It is only natural for people facing personal bankruptcy to want to satisfy as many of their debts as possible. While some New York residents may prioritize bank debts, others may choose to satisfy debts to family members and other personal connections in advance of others. However, there are certain rules they must follow in managing their outstanding obligations.
For example, different types of bankruptcy provide different forms of loan elimination. Some forms of personal bankruptcy let a debtor sell off property and use the proceeds to pay off debts. Other forms let debtors reorganize their debts into manageable payments. Once a person files for bankruptcy, he must stick to the terms established by his bankruptcy trustee and the strictures of his chosen form of bankruptcy. There are even rules about debts and creditors that exist in the pre-filing world.

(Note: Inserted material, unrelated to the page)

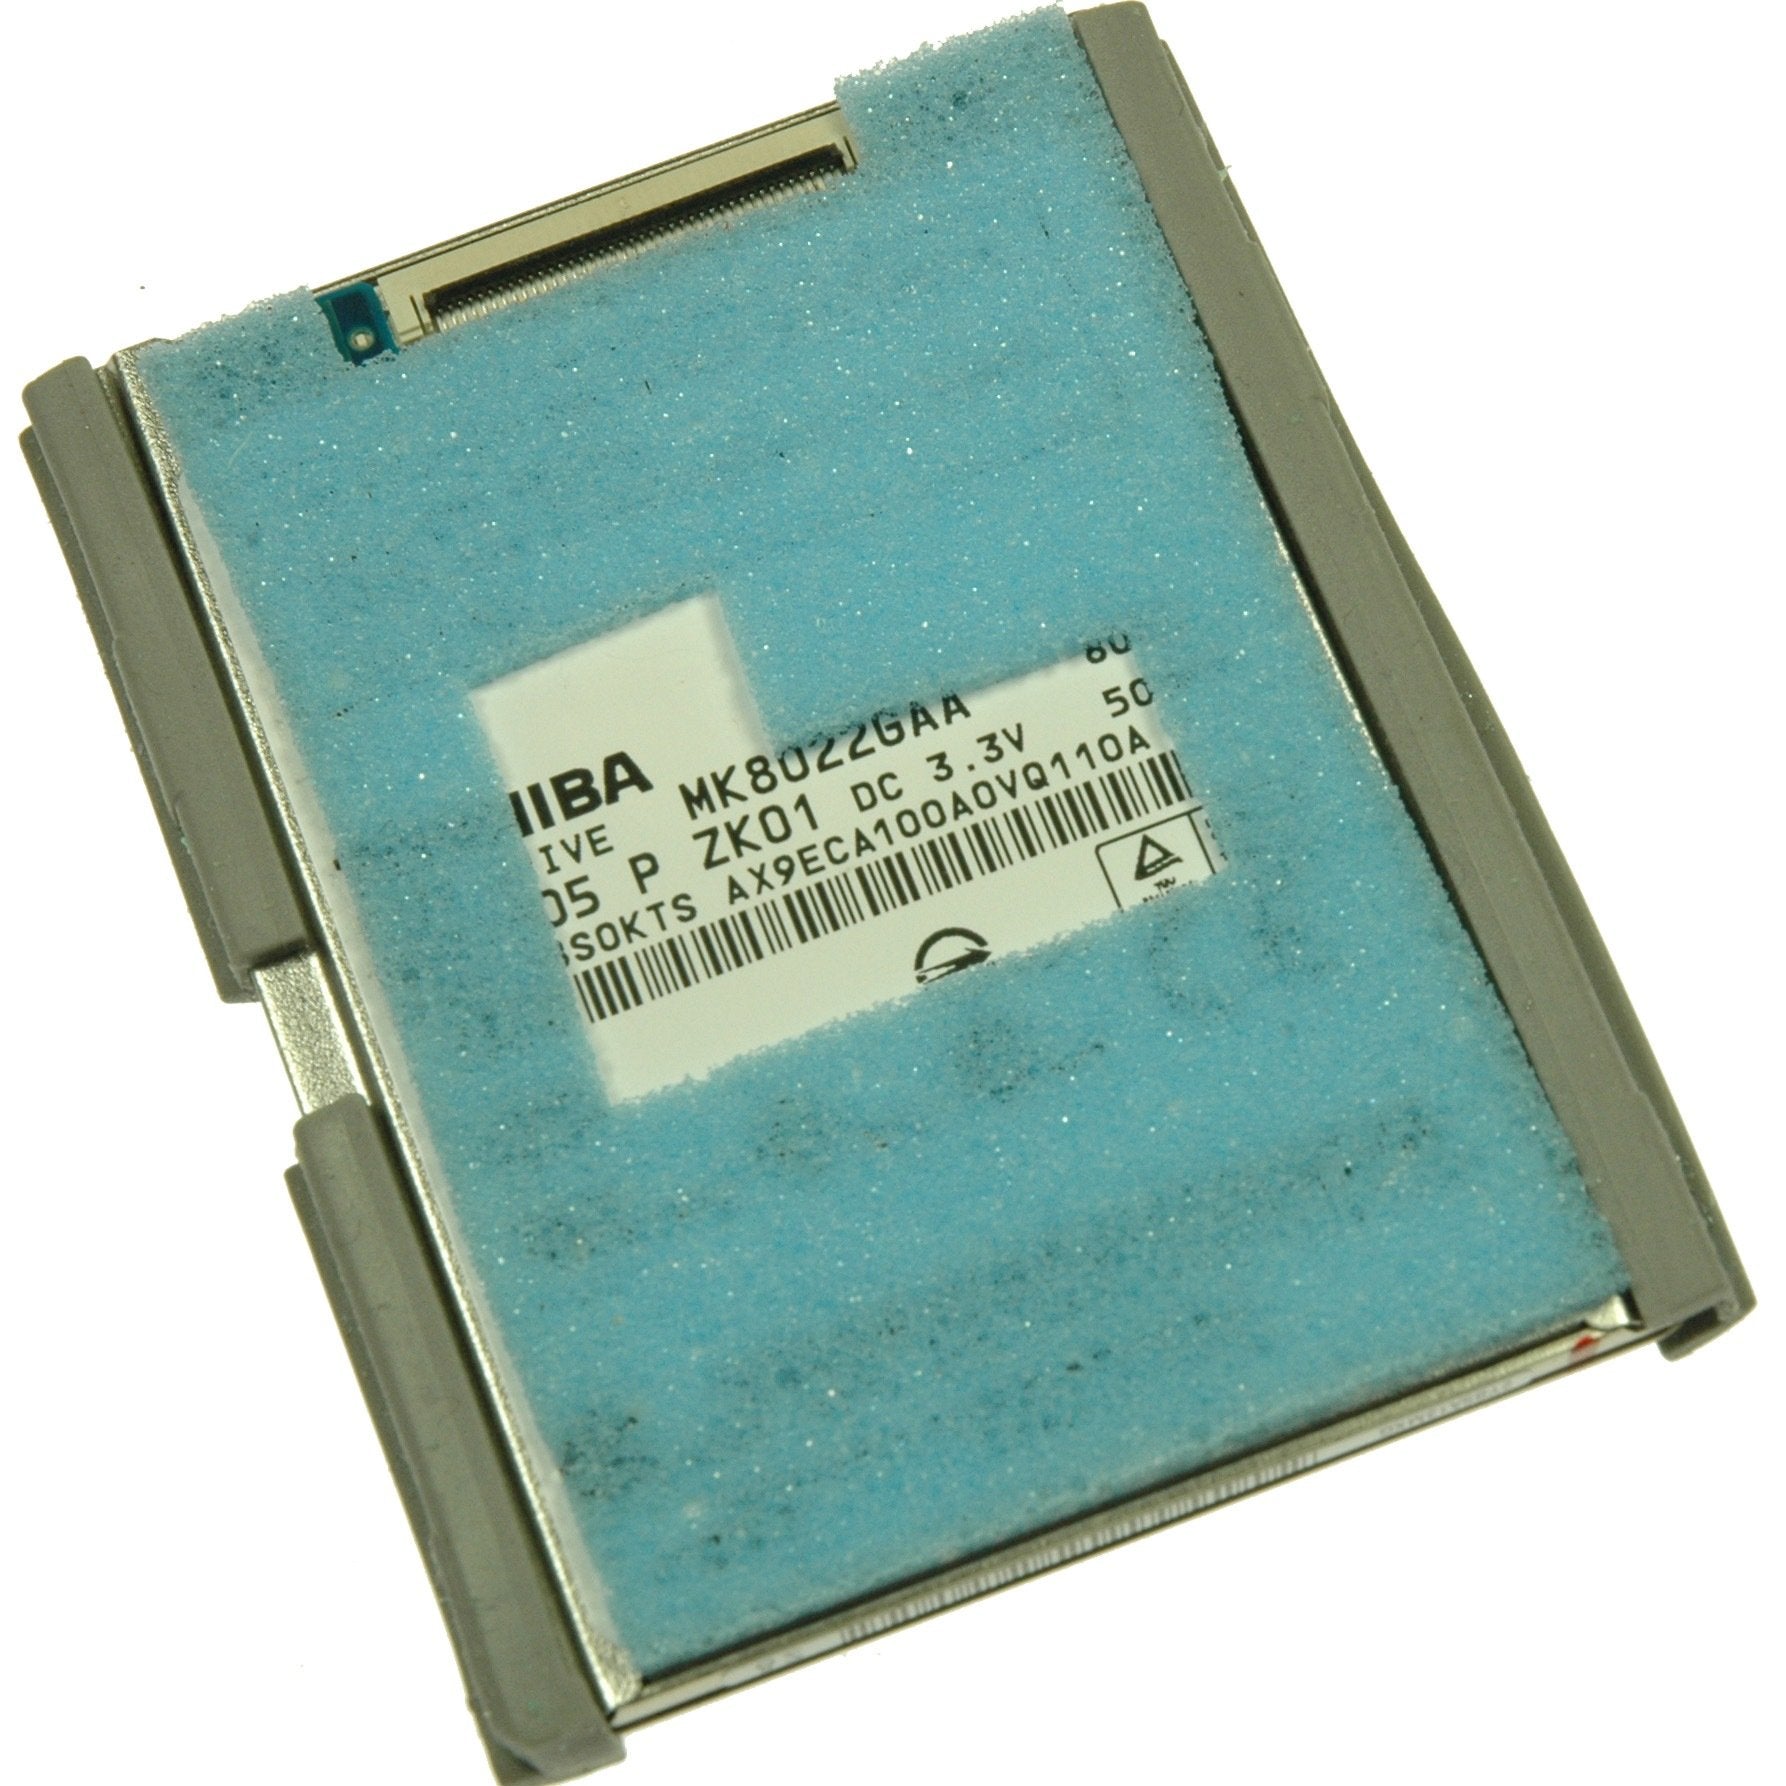 iPod Classic 80 GB Hard Drive Used With Padding

A woman living out of state recently pleaded guilty to bankruptcy fraud. The woman gave large payments to some of her creditors and not others right before she filed for personal bankruptcy. The creditors she paid were family members and the payments totaled more than $10,000.
Her actions were discovered by a bankruptcy trustee familiar with her case. The trustee and others investigated the woman’s financial records and found that she had taken large sums out of her accounts before her bankruptcy filing. Though her actions may have come from an honest place they were barred by the laws of the United States.
The woman now faces probation and fines regardless of whether her actions were intentionally fraudulent. She may have been able to avoid the entire fraud trial if she had known the rules of pre-bankruptcy loan satisfaction. There are many good resources available to people facing overwhelming financial challenges and bankruptcy attorneys can help those people avoid costly mistakes like the one made by the woman in this story.